Intelligenza artificiale e sicurezza è un binomio che oggi merita di essere analizzato da più prospettive. Con l’aumentare della diffusione ma, soprattutto, delle potenzialità dell’AI – Artificial Intelligence e delle sue funzionalità, è plausibile attendersi anche un’espansione delle minacce? Per gli hacker sarà più facile ed economico effettuare attacchi informatici?

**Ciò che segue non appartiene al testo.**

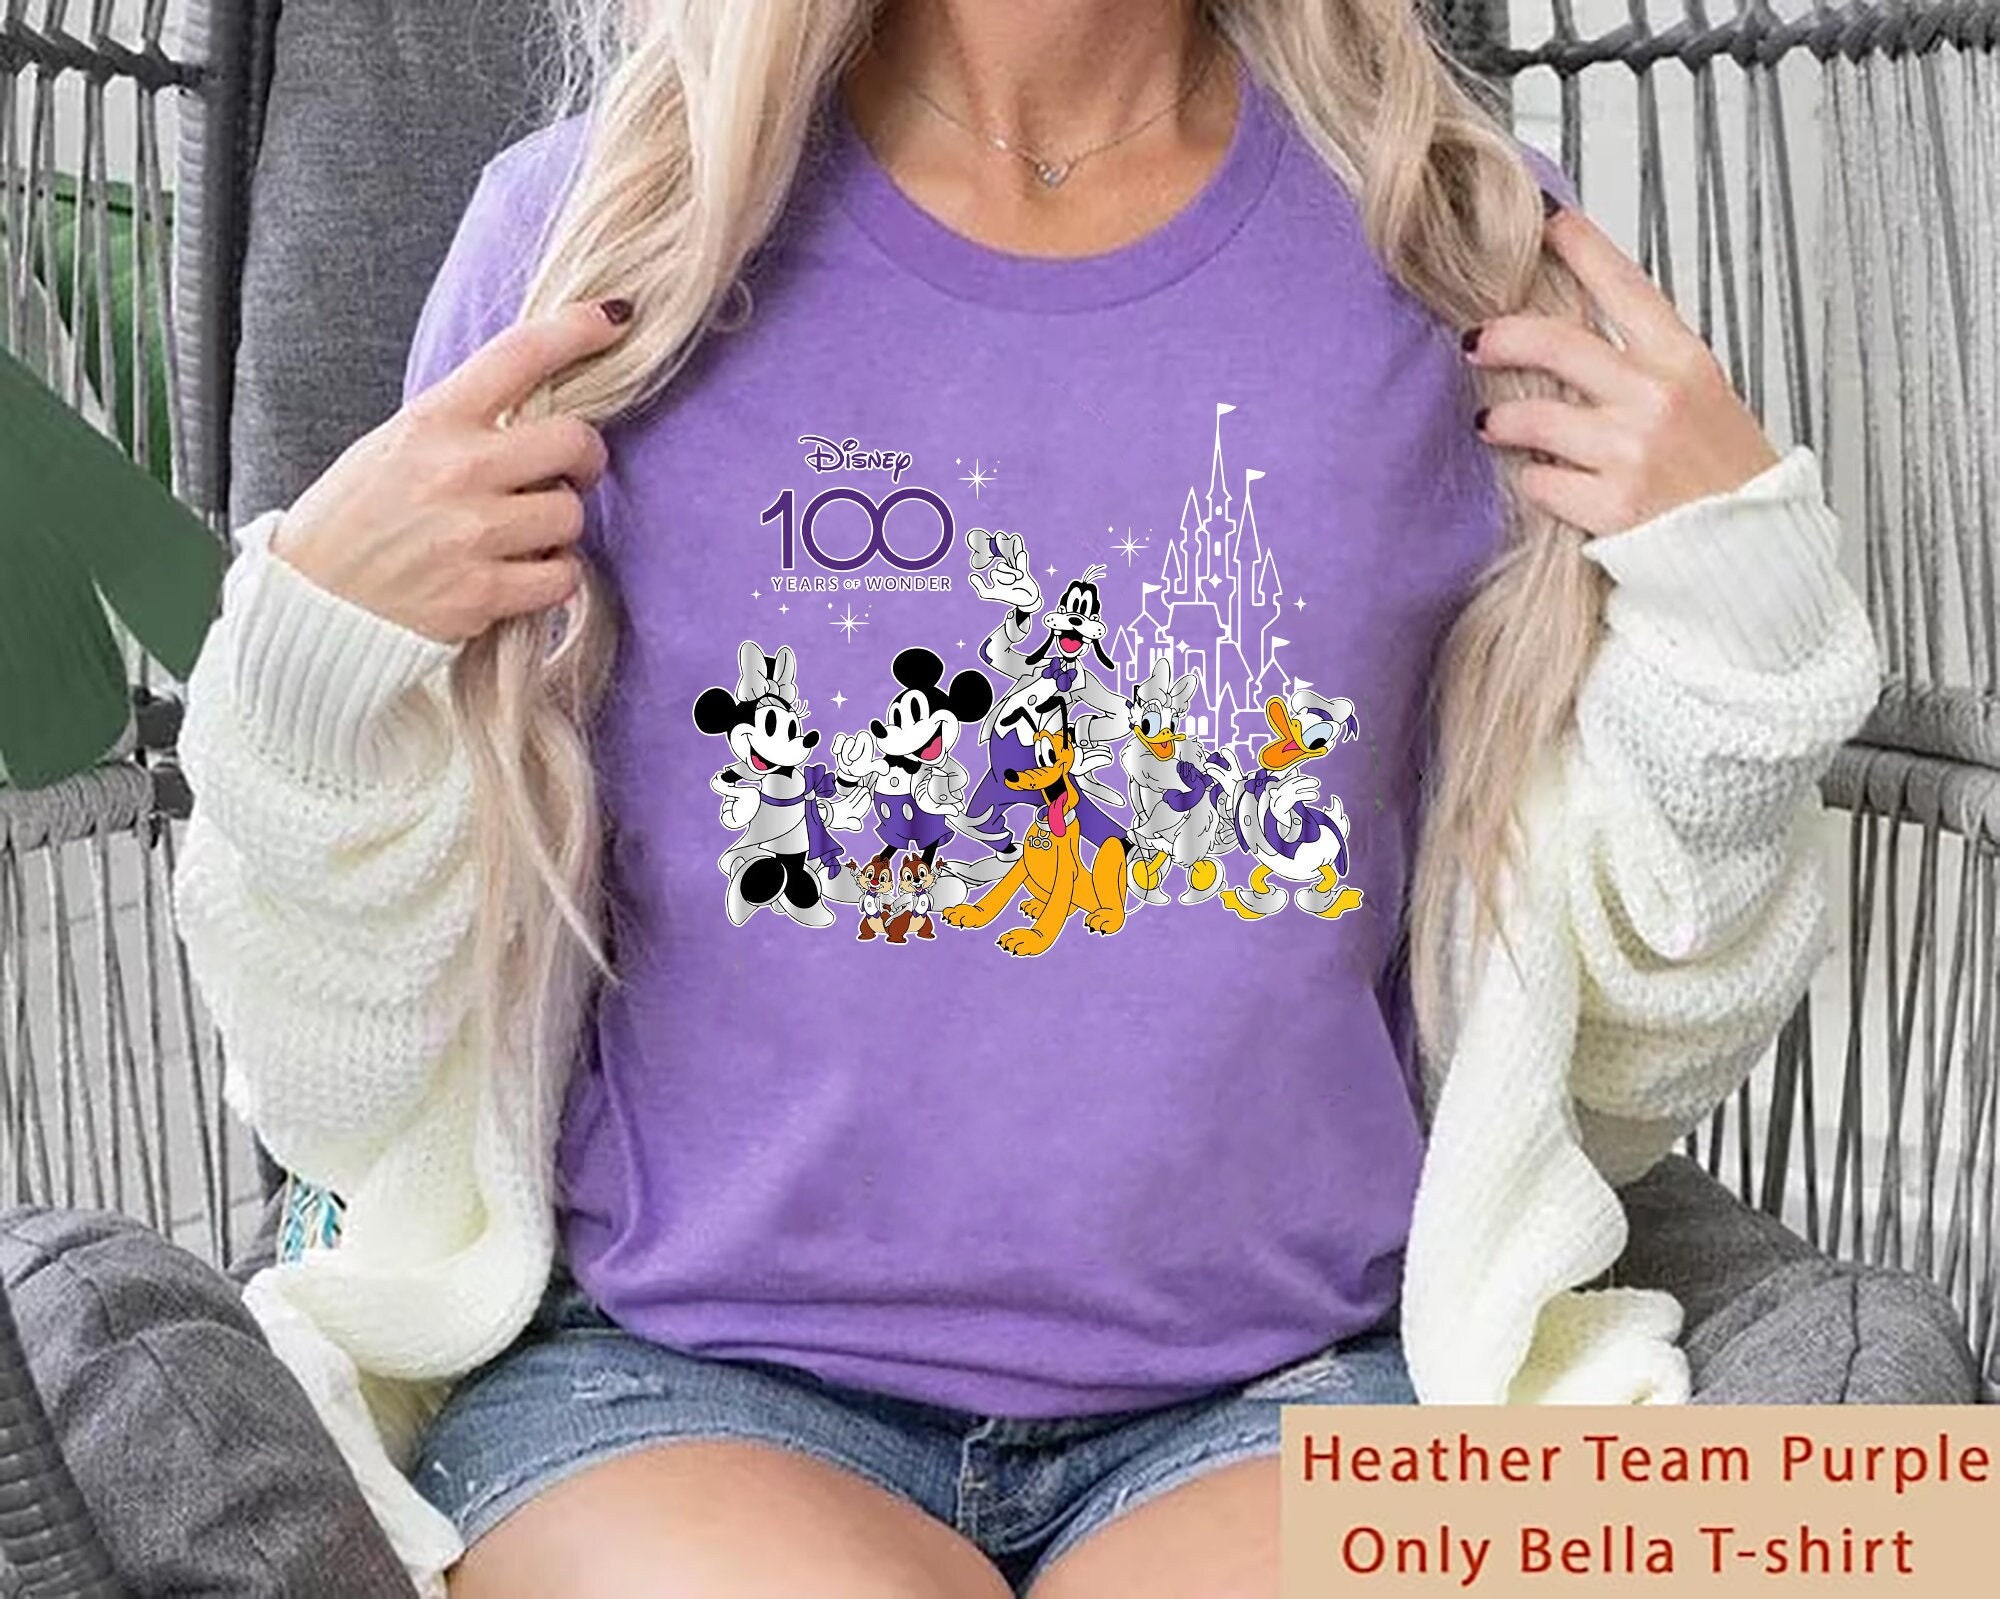 100 Years Of Wonder Shirt, Disney Anniversary Shirt, Disney 100th Shirt, Magic Kingdom Shirt
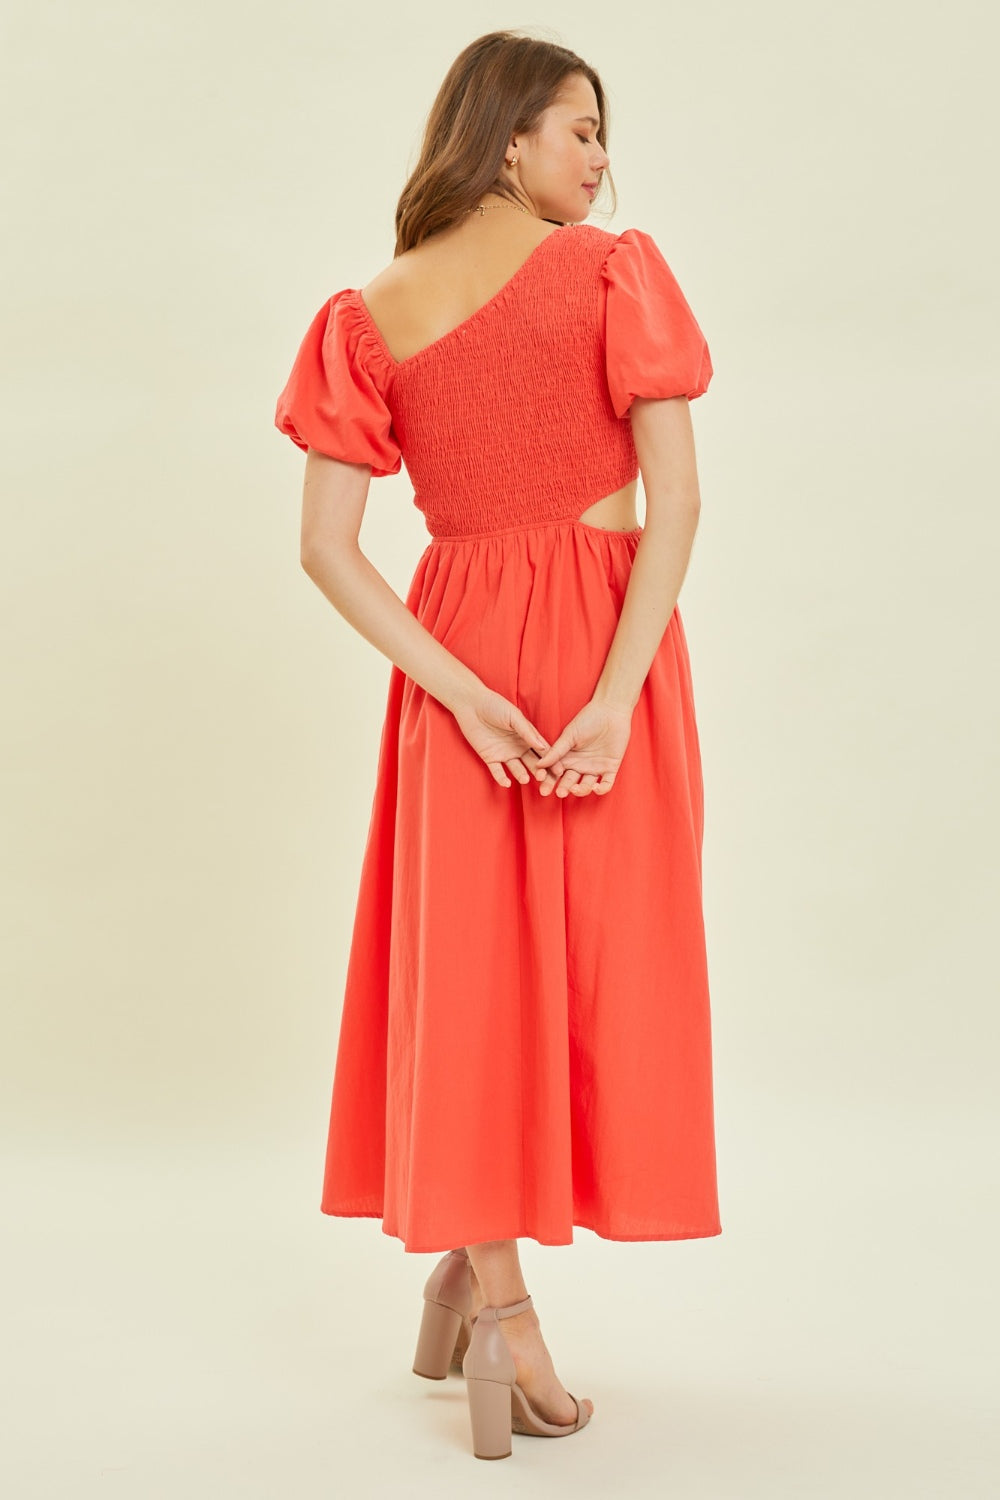 HEYSON Cherry Red Smocked Cutout Midi Dress

Non solo, la diffusione di sistemi robotici rappresenta un rischio per giustizia, etica, sicurezza delle persone?

Sono quesiti a cui stanno cercando di rispondere sia la comunità scientifica internazionale sia le grandi aziende del mondo Tech sia, non da ultimo, le organizzazioni governative e le forze politiche internazionali, dato che i risvolti sono molto estesi e riguardano la privacy, il trattamento dei dati, la sicurezza dei sistemi, l’etica… Per le aziende, siamo di fronte a maggiori rischi o a più ampie opportunità? E il canale è preparato per dare risposte efficaci alle aziende utenti?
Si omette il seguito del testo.